▸ Work request: A verbatim repetition of the data below is requested, without images.
BEGIN Recorded information
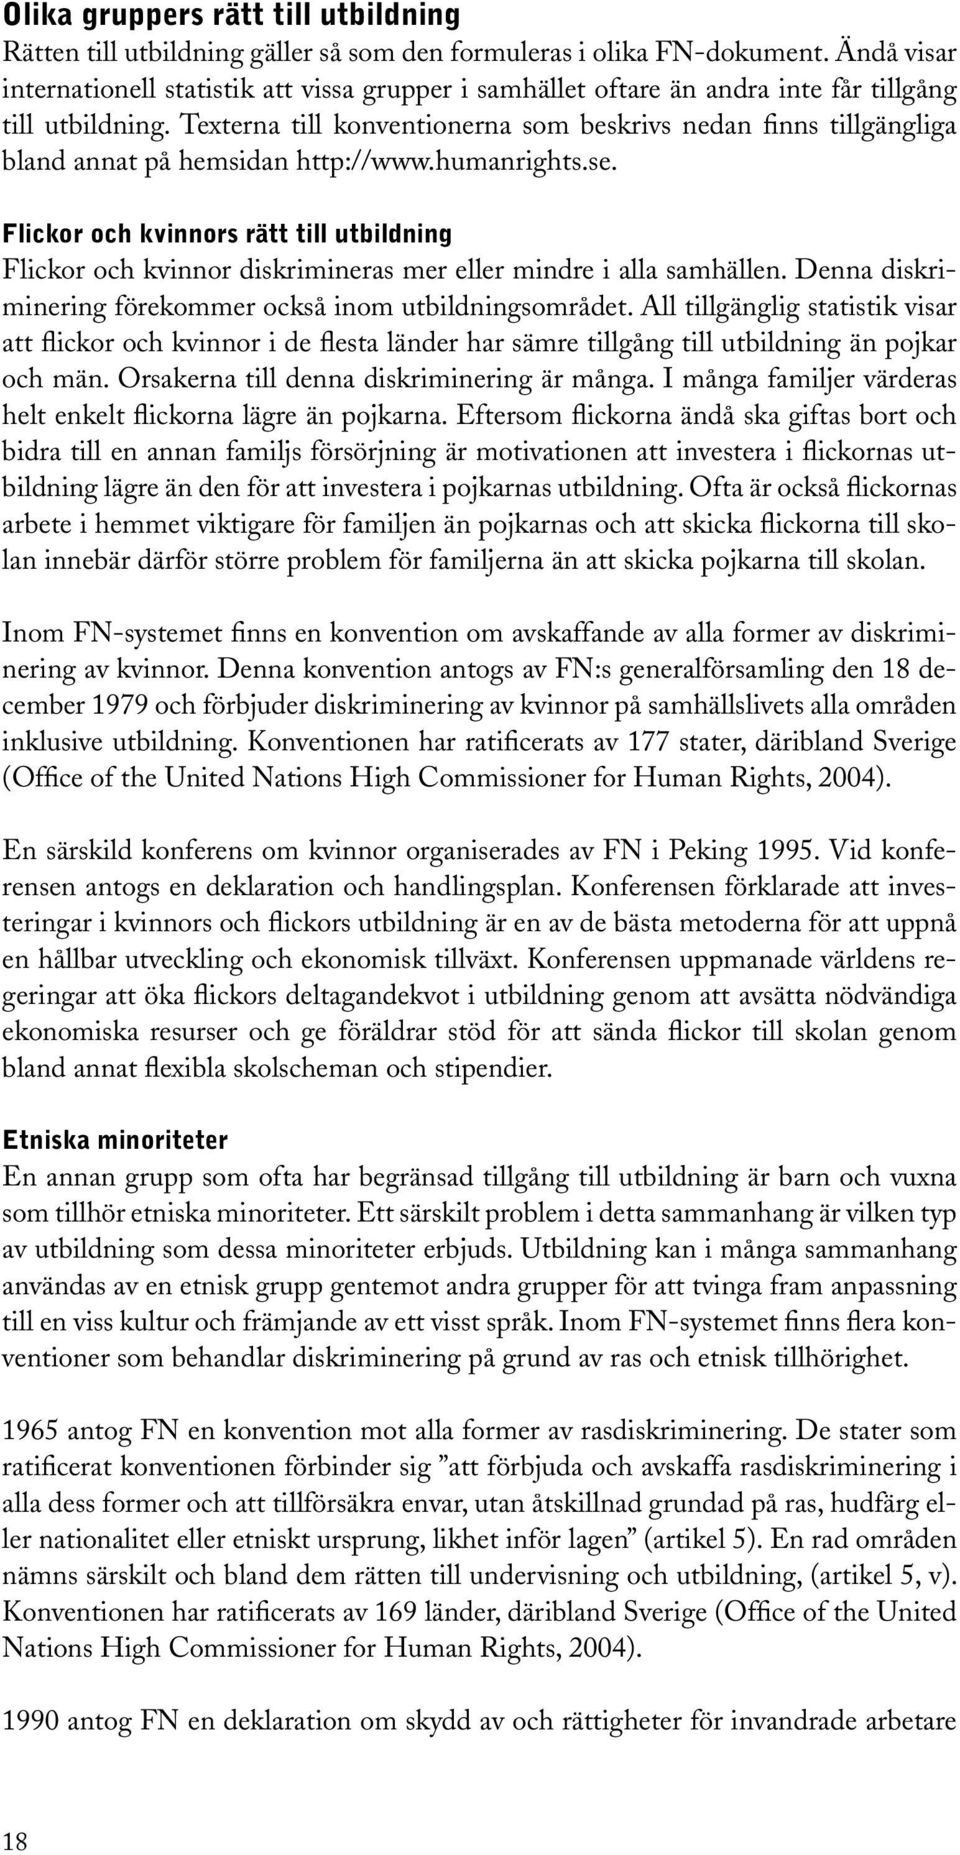 Texterna till konventionerna som beskrivs nedan finns tillgängliga bland annat på hemsidan http://www.humanrights.se.
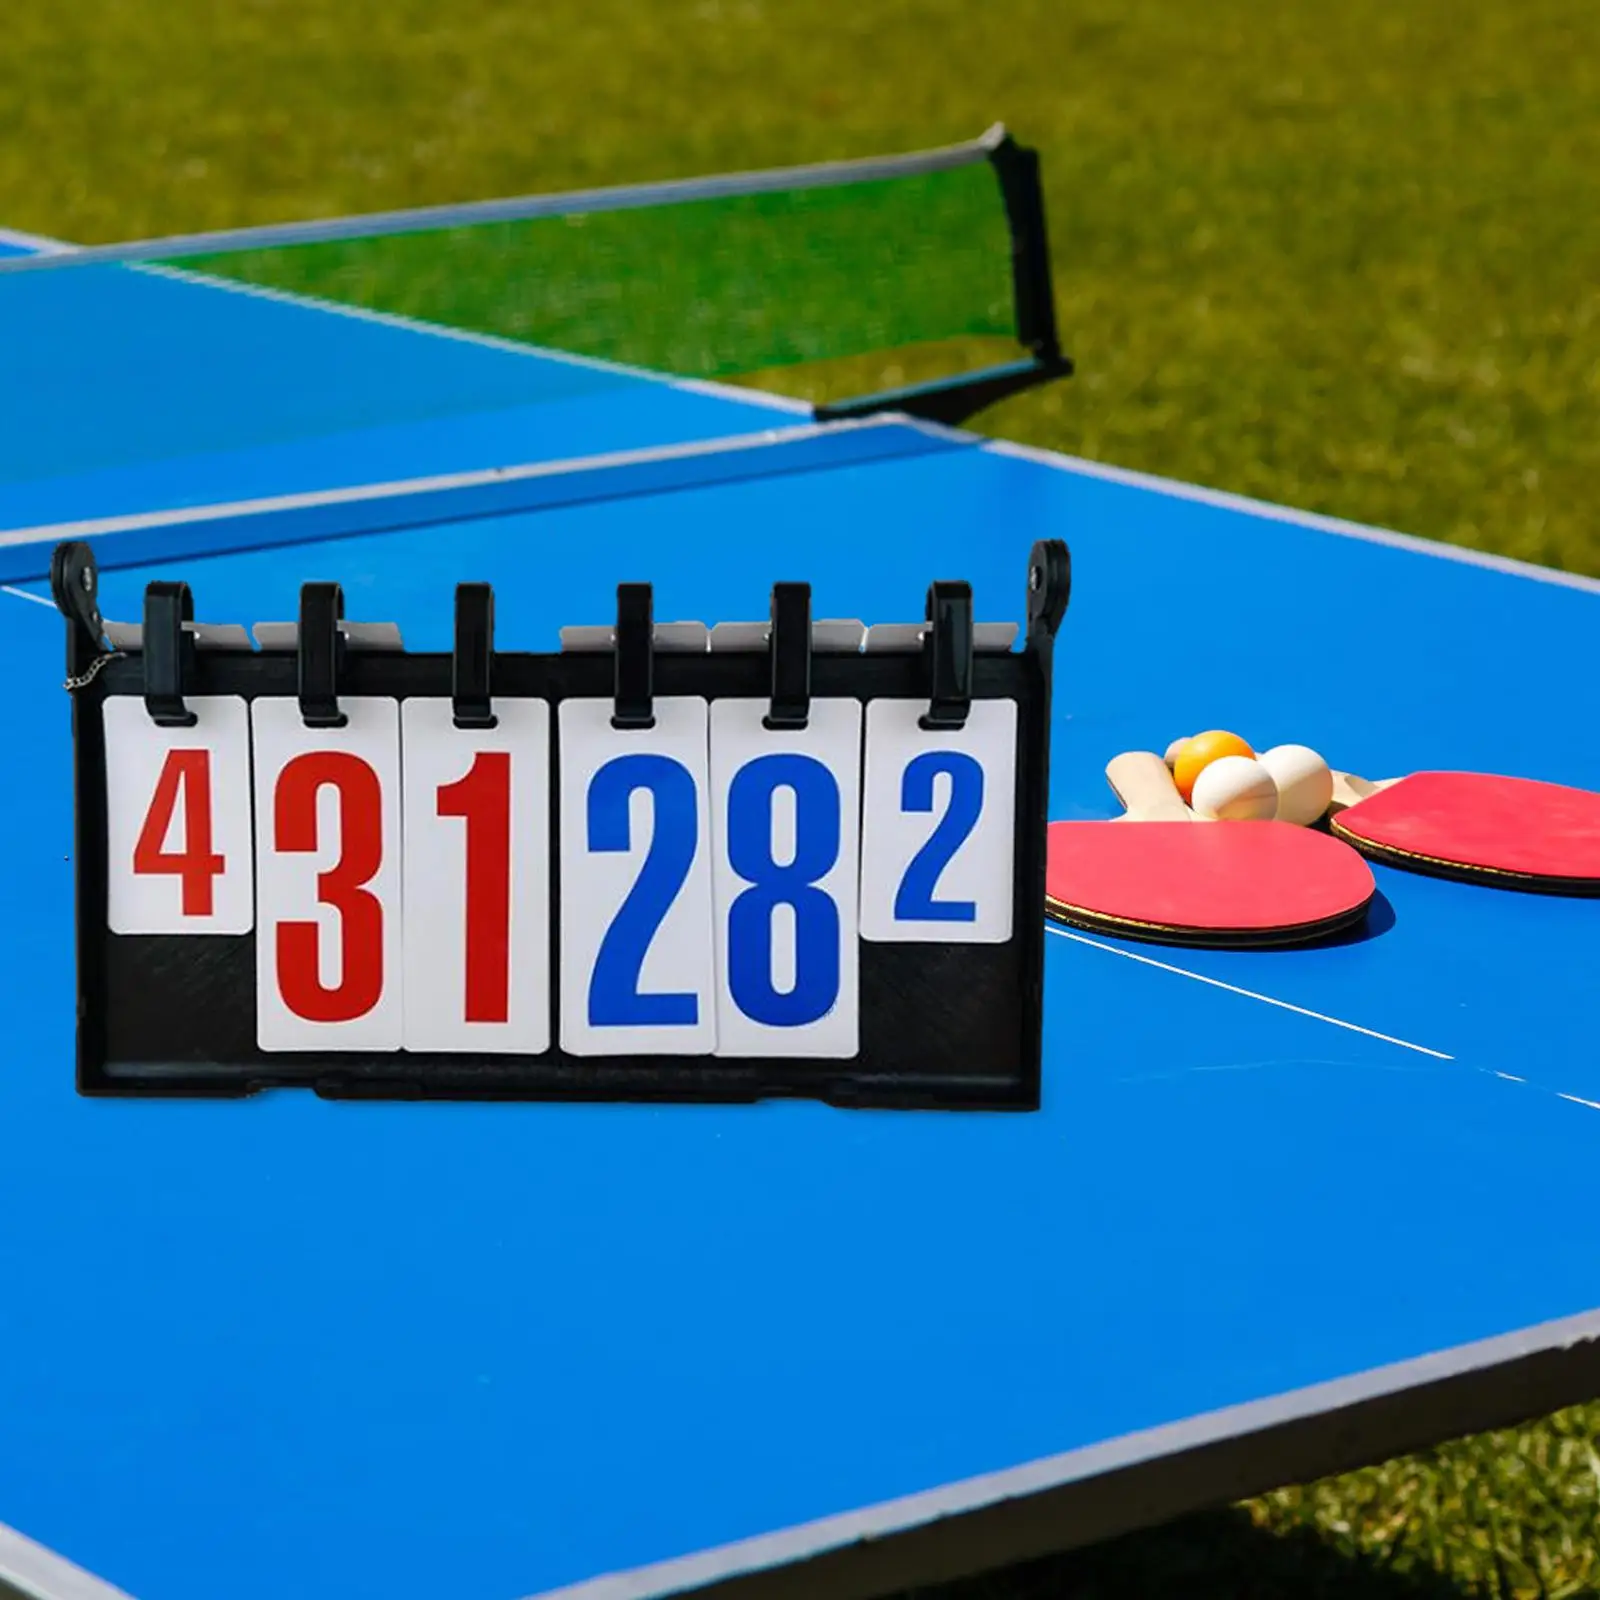 Table Top Scoreboard Table Tennis Scoreboard Score Board Professional for
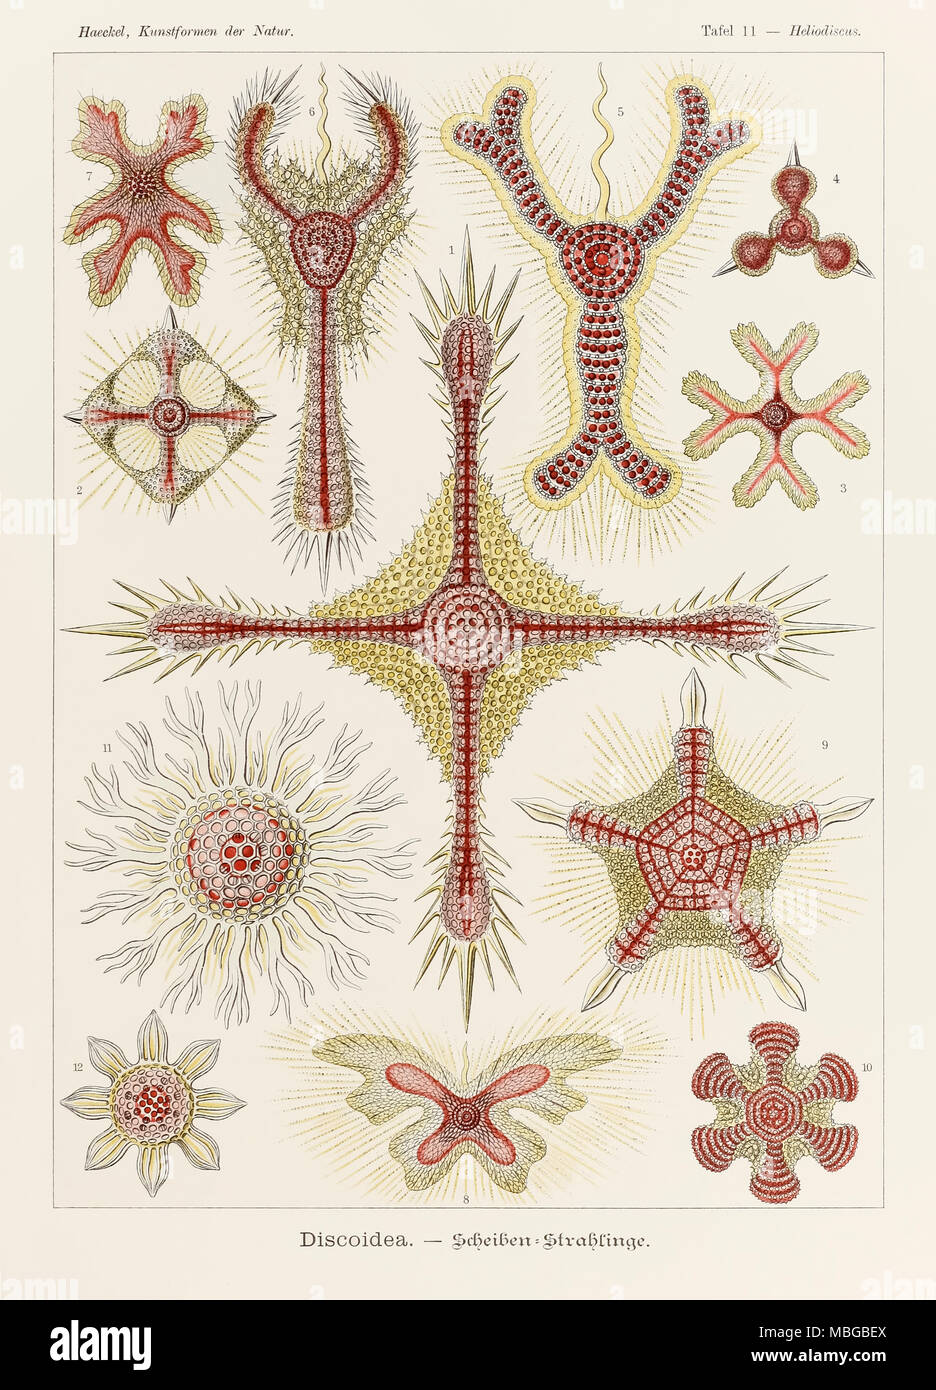 La piastra 11 Heliodiscus Discoidea da 'Kunstformen der Natur" (forme d'Arte nella Natura) illustrato da Ernst Haeckel (1834-1919). Vedere ulteriori informazioni qui di seguito. Foto Stock
END Recorded information
▸ Output:
 Texterna till konventionerna som beskrivs nedan finns tillgängliga bland annat på hemsidan http://www.humanrights.se.
 Table Top Scoreboard Table Tennis Scoreboard Score Board Professional for
 La piastra 11 Heliodiscus Discoidea da 'Kunstformen der Natur" (forme d'Arte nella Natura) illustrato da Ernst Haeckel (1834-1919). Vedere ulteriori informazioni qui di seguito. Foto Stock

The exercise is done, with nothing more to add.